# Does this promo website appear legit?



## riu girl (Apr 2, 2012)

www.getawaydealz.com

Any thoughts would be really appreciated.  I fully understand that we would have to attend a sales presentation (we have attended approx. 10 so understand what we are in for).  We are trying to plan a budget type all inclusive holiday to Mexico for weeks 51 and 52 this year.  If we can't get a great price we will probably stay home and having said that, these promotional offers look very cheap.

Is there anyplace on TUG that I can look for similar offers?  I searched but can't find any.  I would rather book a promo tour/rate through a TUGger then through some random web site.

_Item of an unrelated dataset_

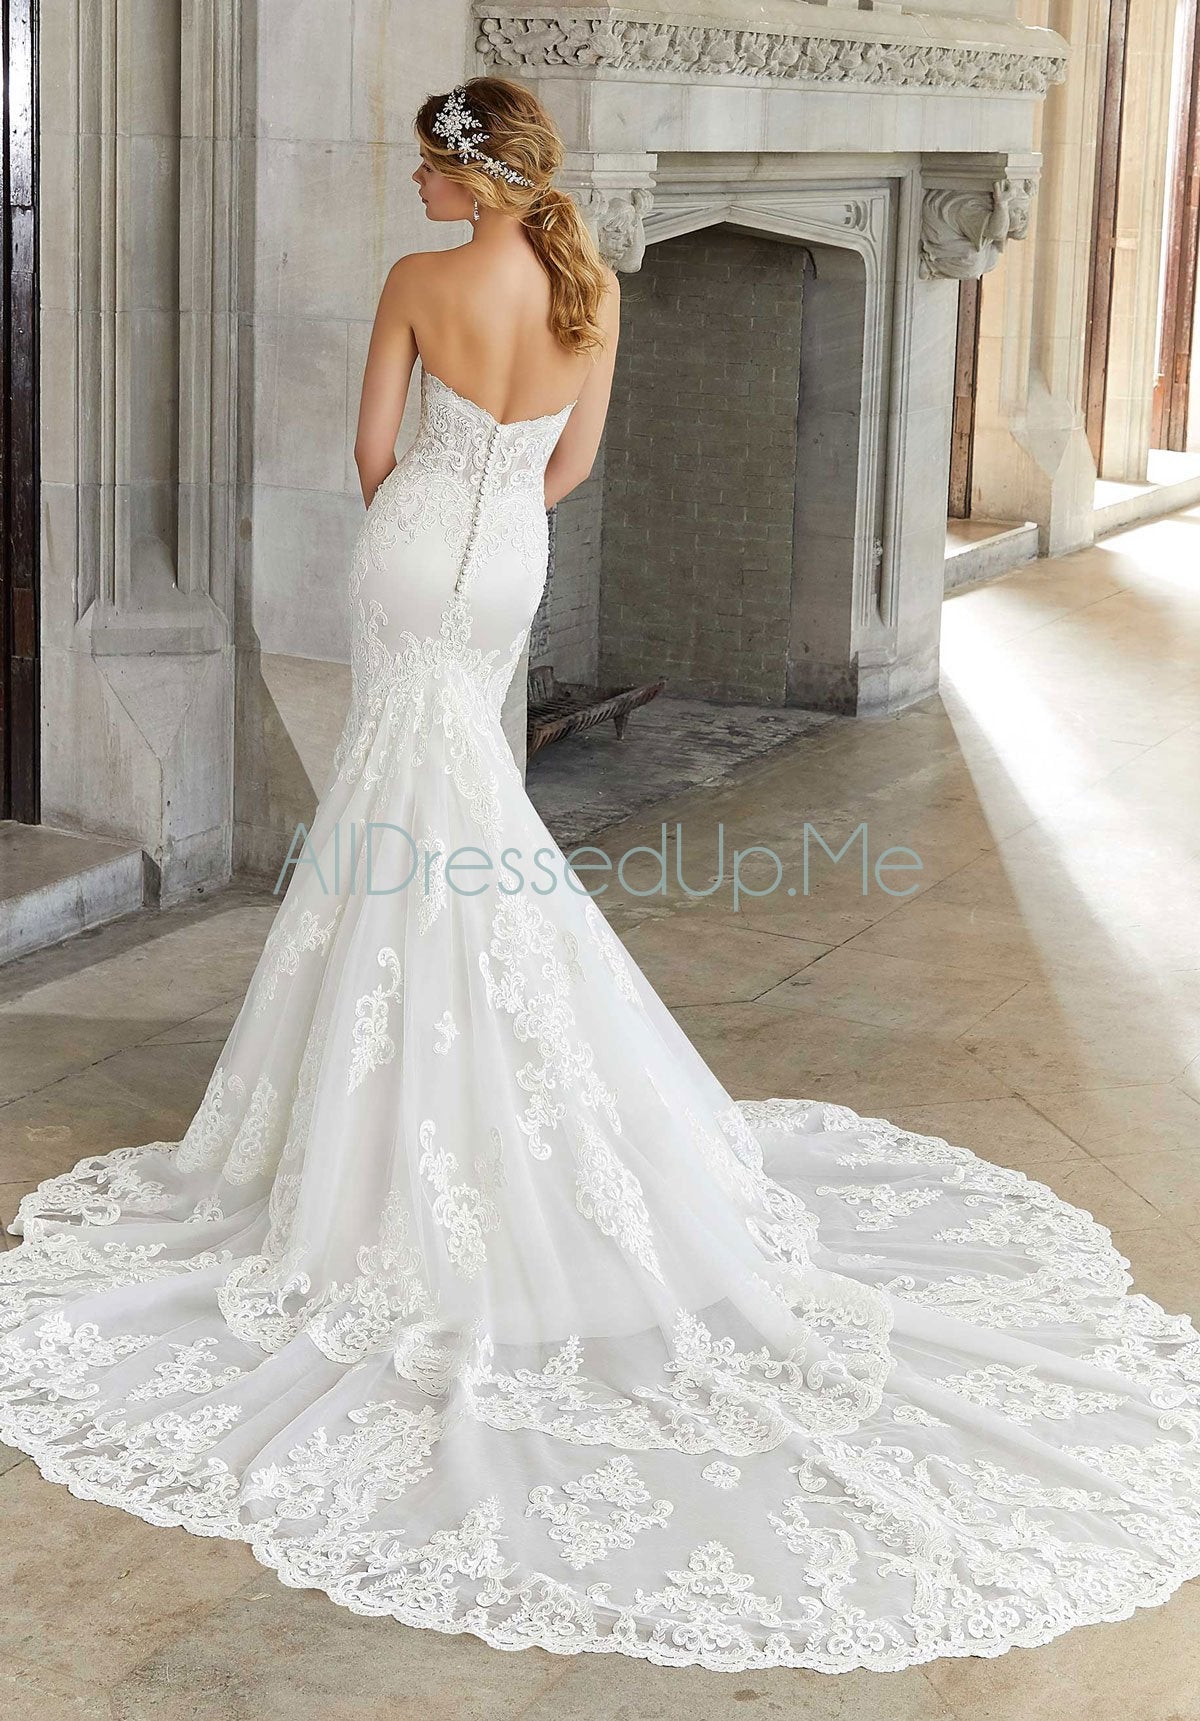 Morilee - Sonia - 2144 - Cheron's Bridal, Wedding Gown - Morilee Line - - Wedding Gowns Dresses Chattanooga Hixson Shops Boutiques Tennessee TN Georgia GA MSRP Lowest Prices Sale Discount

Any info. would be really appreciated.


----------



## pjrose (Apr 3, 2012)

riu girl said:


> www.getawaydealz.com
> 
> Any thoughts would be really appreciated.  I fully understand that we would have to attend a sales presentation (we have attended approx. 10 so understand what we are in for).  We are trying to plan a budget type all inclusive holiday to Mexico for weeks 51 and 52 this year.  If we can't get a great price we will probably stay home and having said that, these promotional offers look very cheap.
> 
> ...



On TUG, just look at the Marketplace (click up above) and look at For Rent ads. They likely won't be promos, but you will likely find some good prices.
Other places to check are Travelocity and Expedia; there you may find some package deals at good prices.  I also recently saw a bunch of the Mayan Group's resorts on either Groupon or Living Social...don't know if the prices were good or not, or if 51/52 were available.
Also, if you join TUG, you have access to an additional forum, Sightings/Distressed, where you can find some good though last-minute deals.


----------



## easyrider (Apr 3, 2012)

Last January in Cancun at the VDP it was 50% of the guests on a 5 day promo. I talked to a Canadian school teacher who said he was able to add days to make it a 10 day trip, all inclusive in a studio.


----------



## Passepartout (Apr 3, 2012)

riu girl said:


> We are trying to plan a budget type all inclusive holiday to Mexico for weeks 51 and 52 this year.  If we can't get a great price we will probably stay home.
> 
> I would rather book a promo tour/rate through a TUGger then through some random web site.



I can imagine LOTS of people would like 2 weeks AI in Mexico at Christmastime at a giveaway price. Who wouldn't? 

We have booked those weeks in Maui this year for almost $300/nite. Not AI.

Doubtful that TUGgers can book you a tour rate, (though I have no special knowledge- maybe someone can) but you can possibly find a fair price in the marketplace without having the thumbscrews applied after you get there.

Jim


----------